→ **To do**:
Reproduce the listing that follows word for word, without its pictures.

→ **Stored data**:
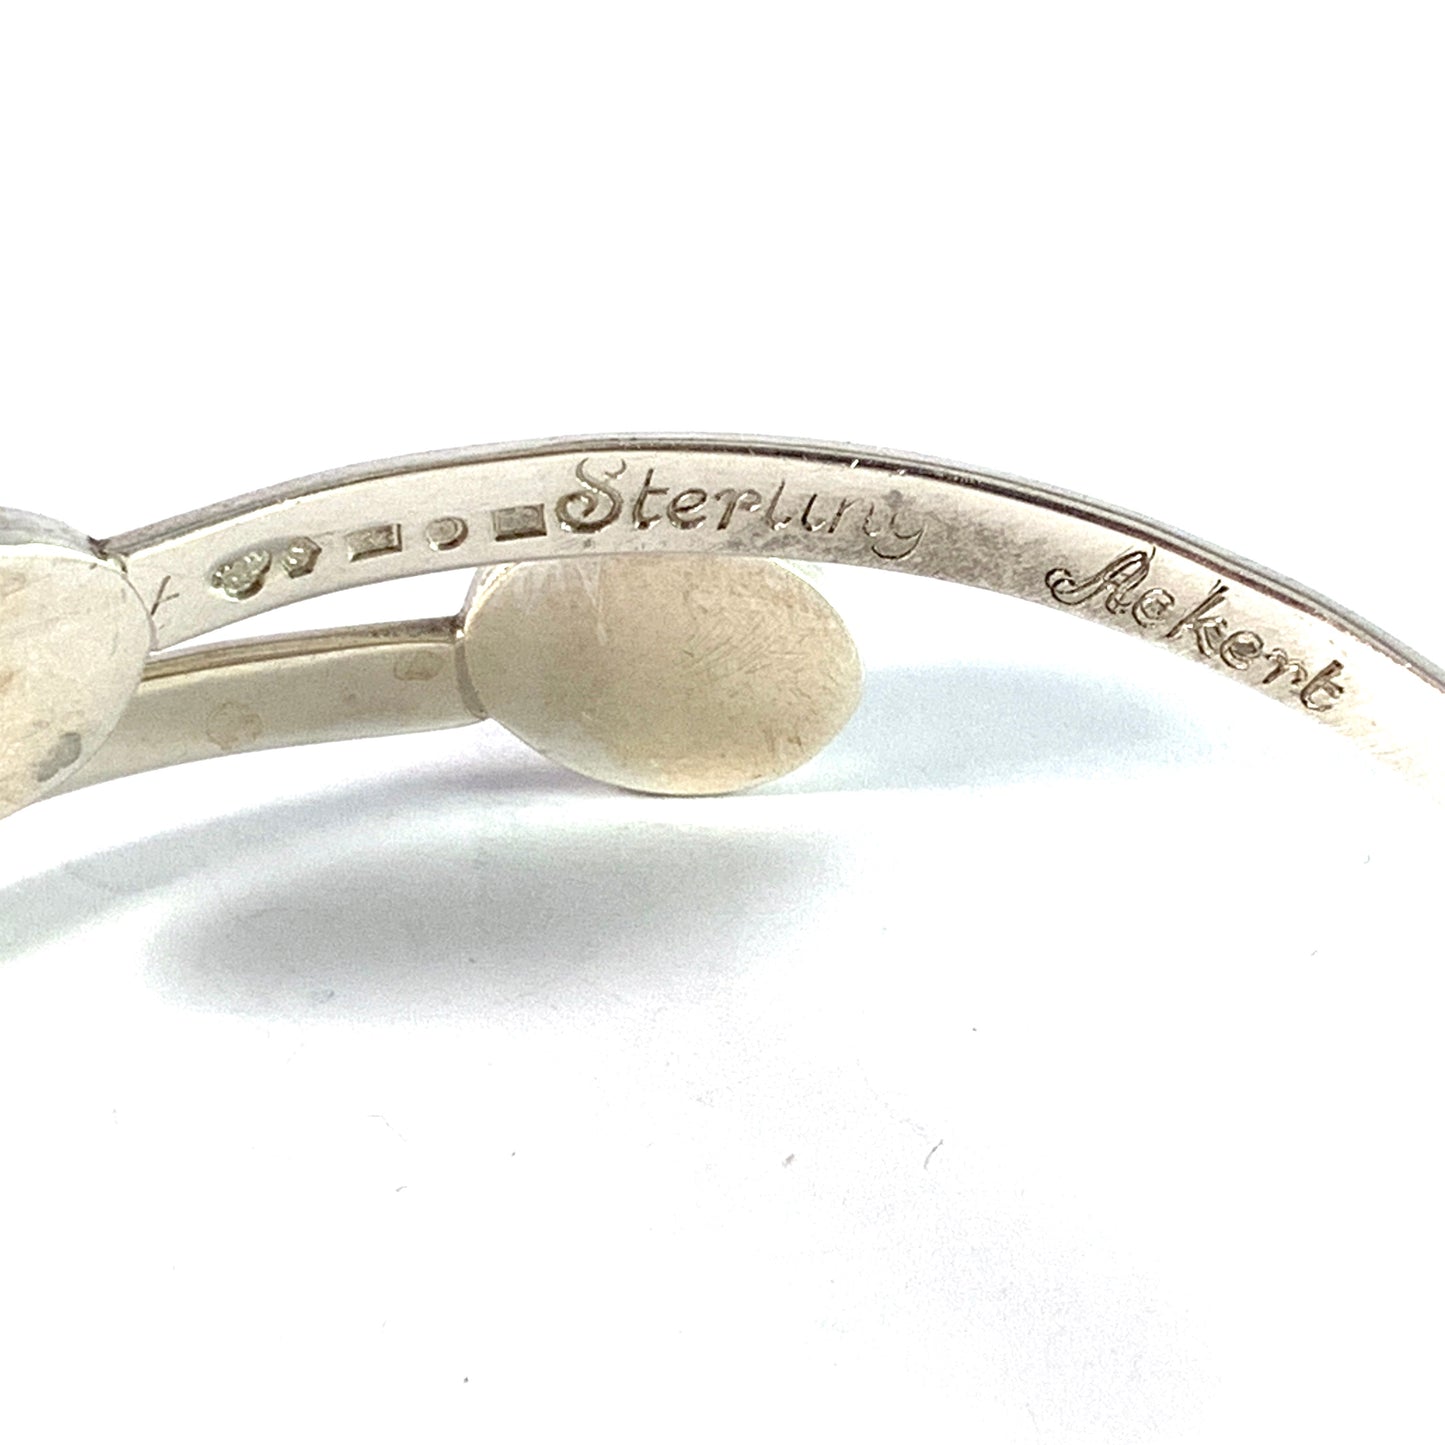 Acke R Tötterman, Sweden 1955. Vintage Sterling Silver Hematite Arm Bracelet. Signed
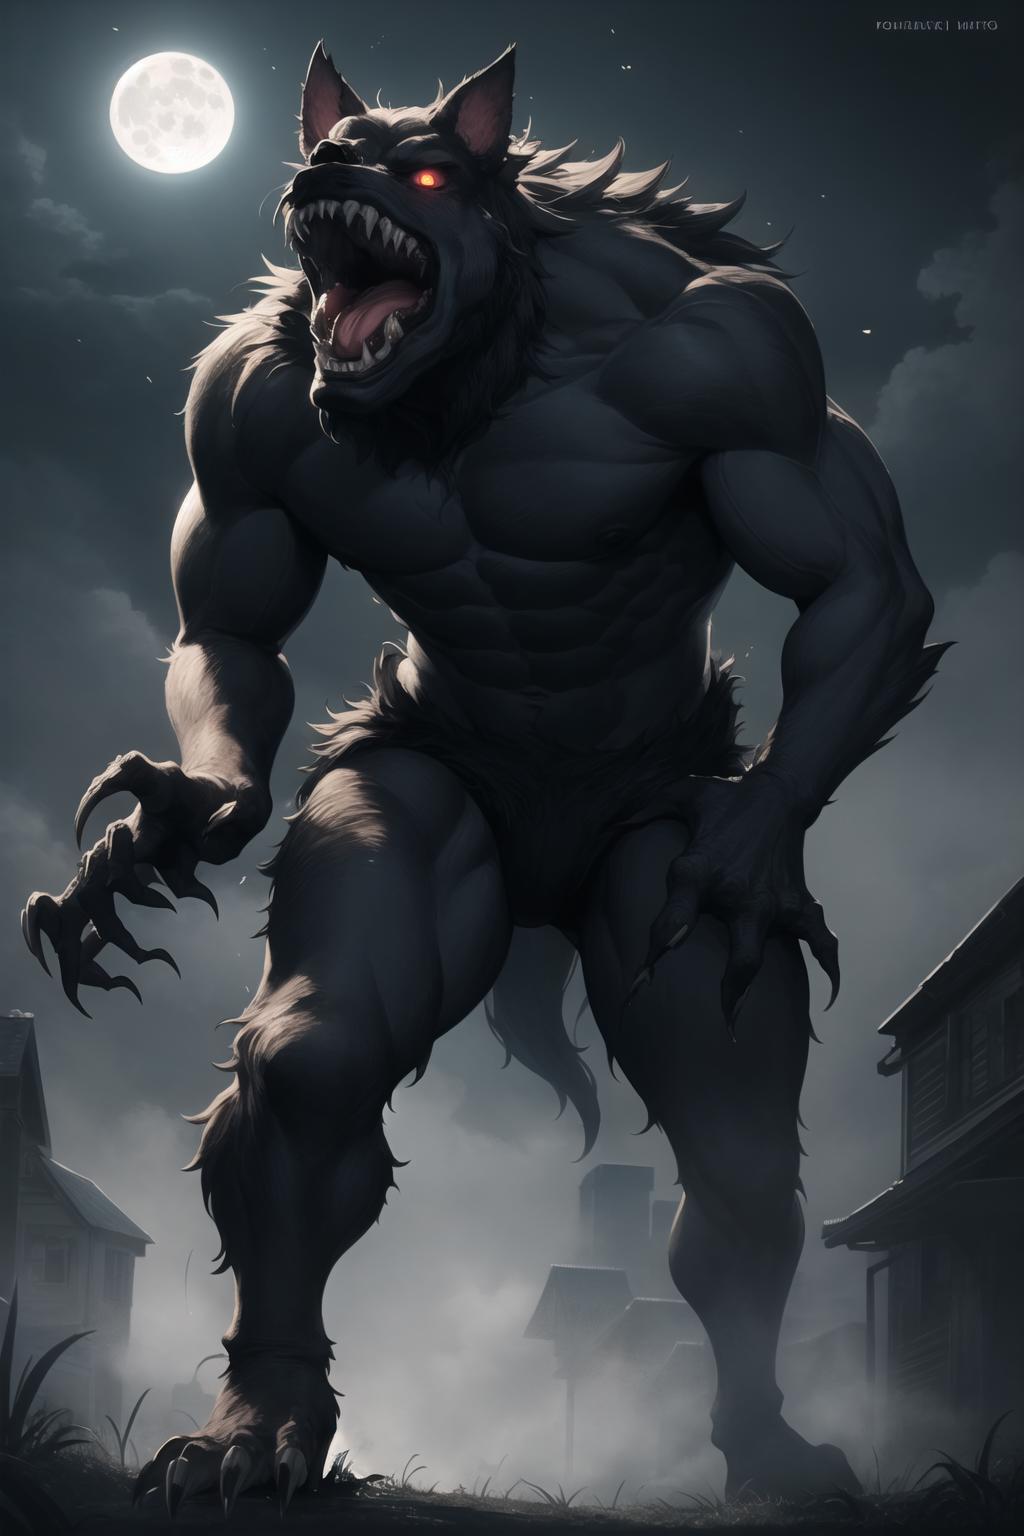 Werewolf image by psoft
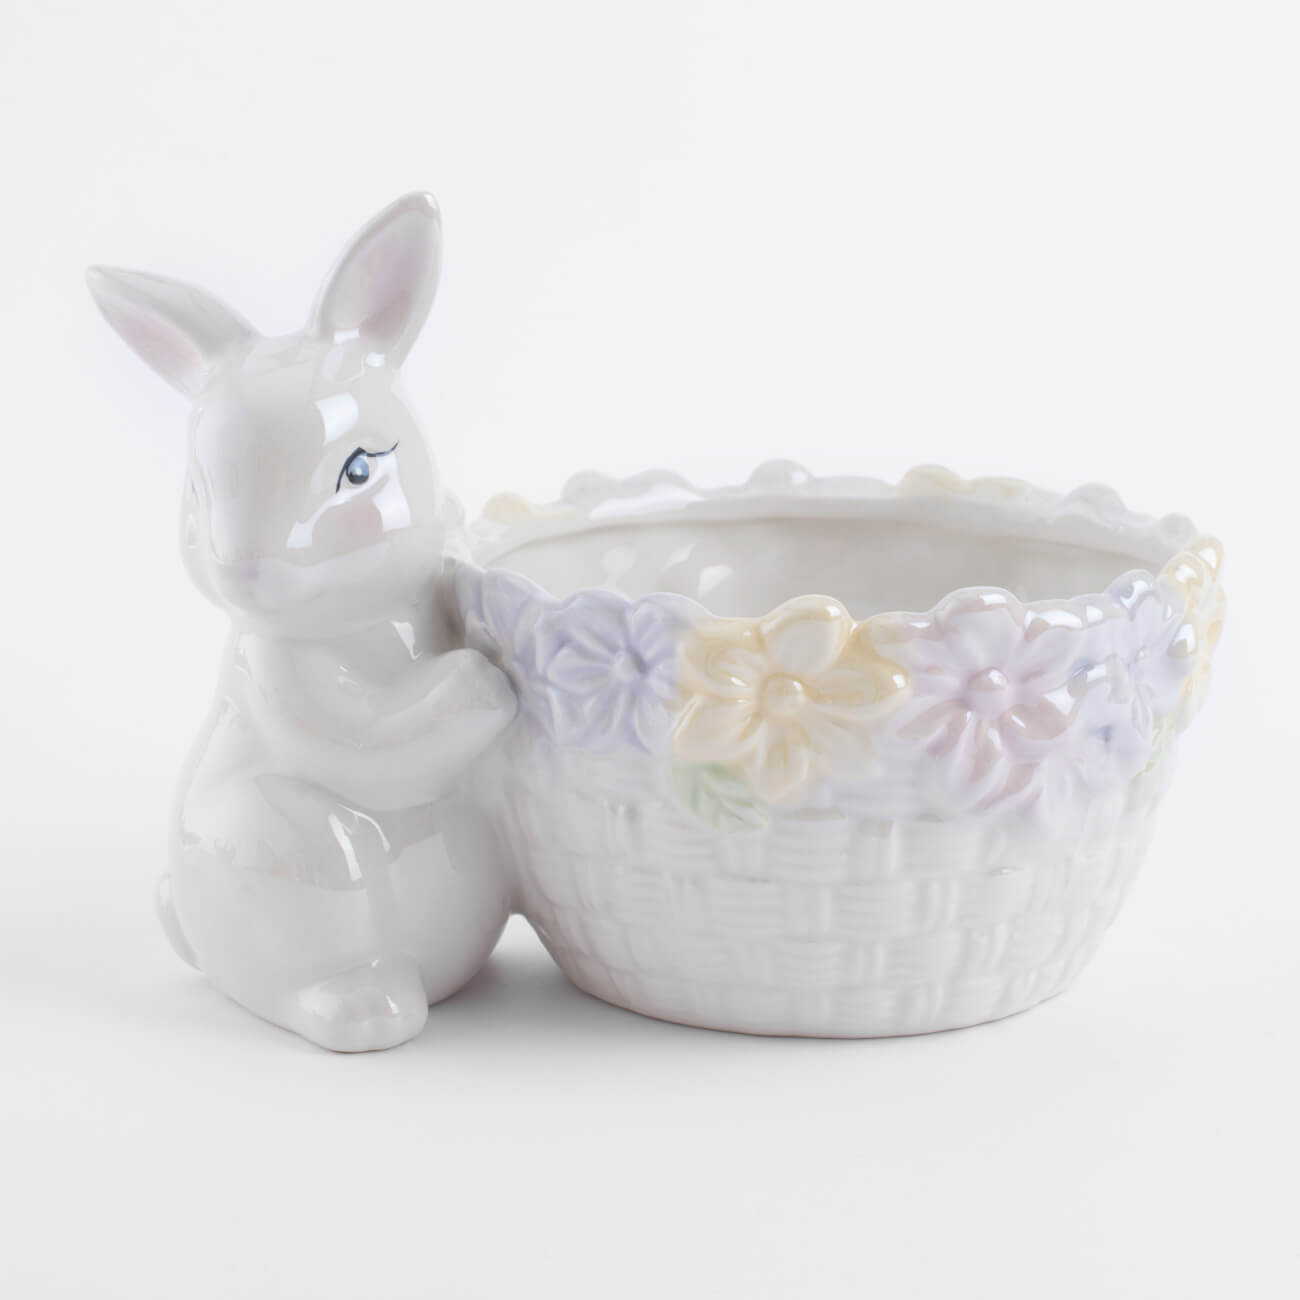 сувенир керамика кролик яйцо зелёный флок 15 8х8 5х8 5 см Конфетница, 18x13 см, керамика, перламутр, Кролик с корзиной в цветах, Easter
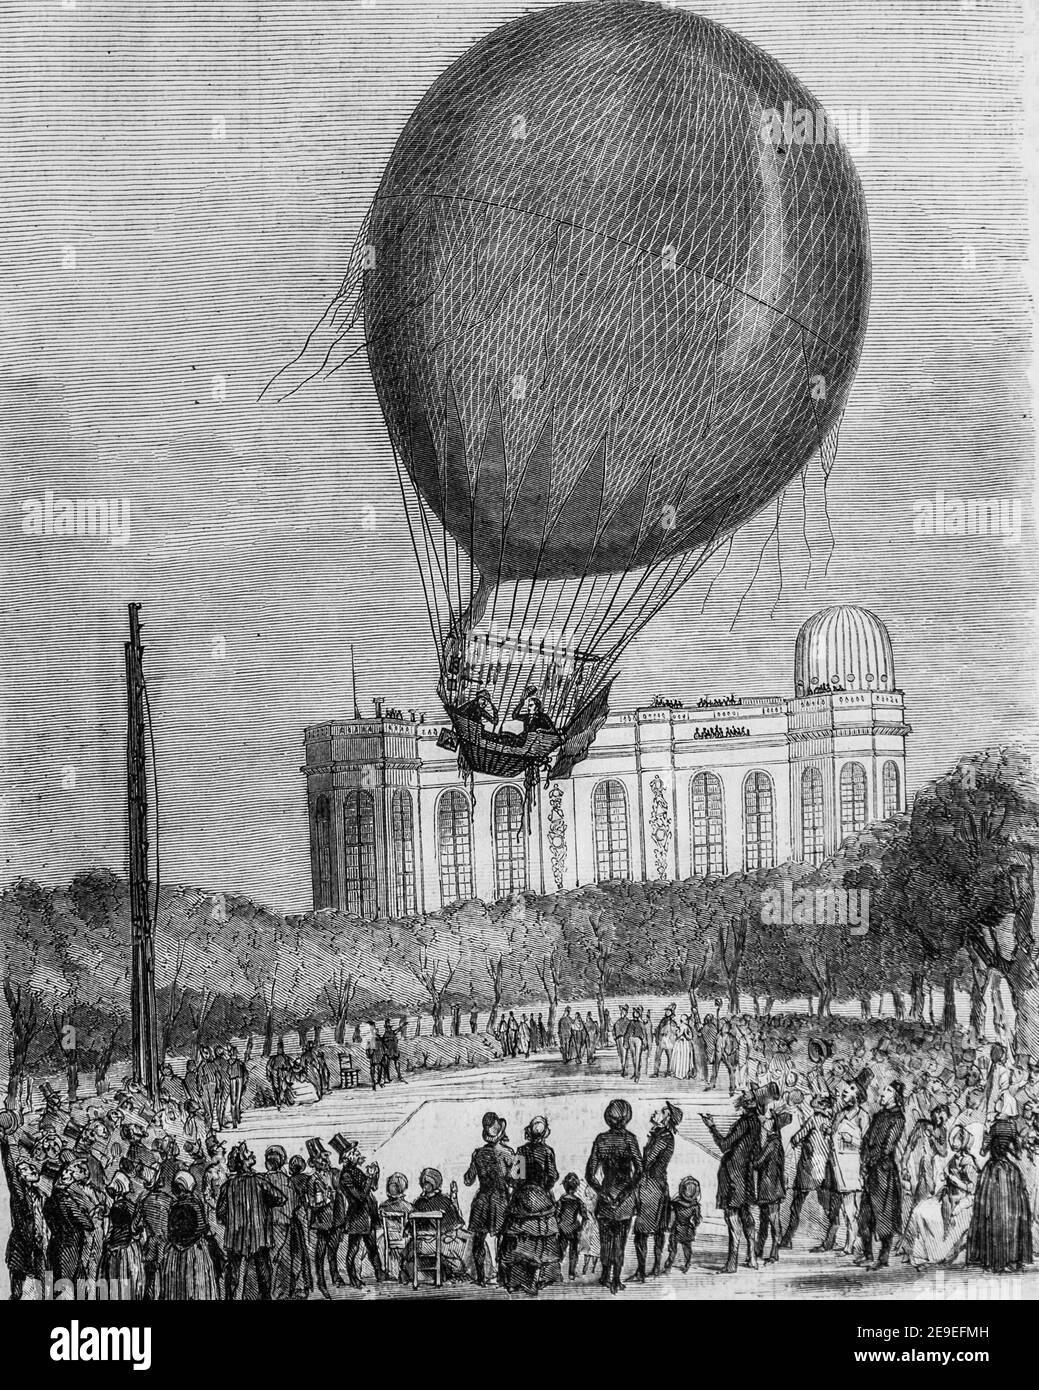 ascension de M.M. bixio et barral le 29 juin 18520, tableau de paris par edmond texier,editeur paulin et le chavalier 1853 Stockfoto

→ **Final answer**:
 Acke R Tötterman, Sweden 1955. Vintage Sterling Silver Hematite Arm Bracelet. Signed
 Werewolf image by psoft
 сувенир керамика кролик яйцо зелёный флок 15 8х8 5х8 5 см Конфетница, 18x13 см, керамика, перламутр, Кролик с корзиной в цветах, Easter
 ascension de M.M. bixio et barral le 29 juin 18520, tableau de paris par edmond texier,editeur paulin et le chavalier 1853 Stockfoto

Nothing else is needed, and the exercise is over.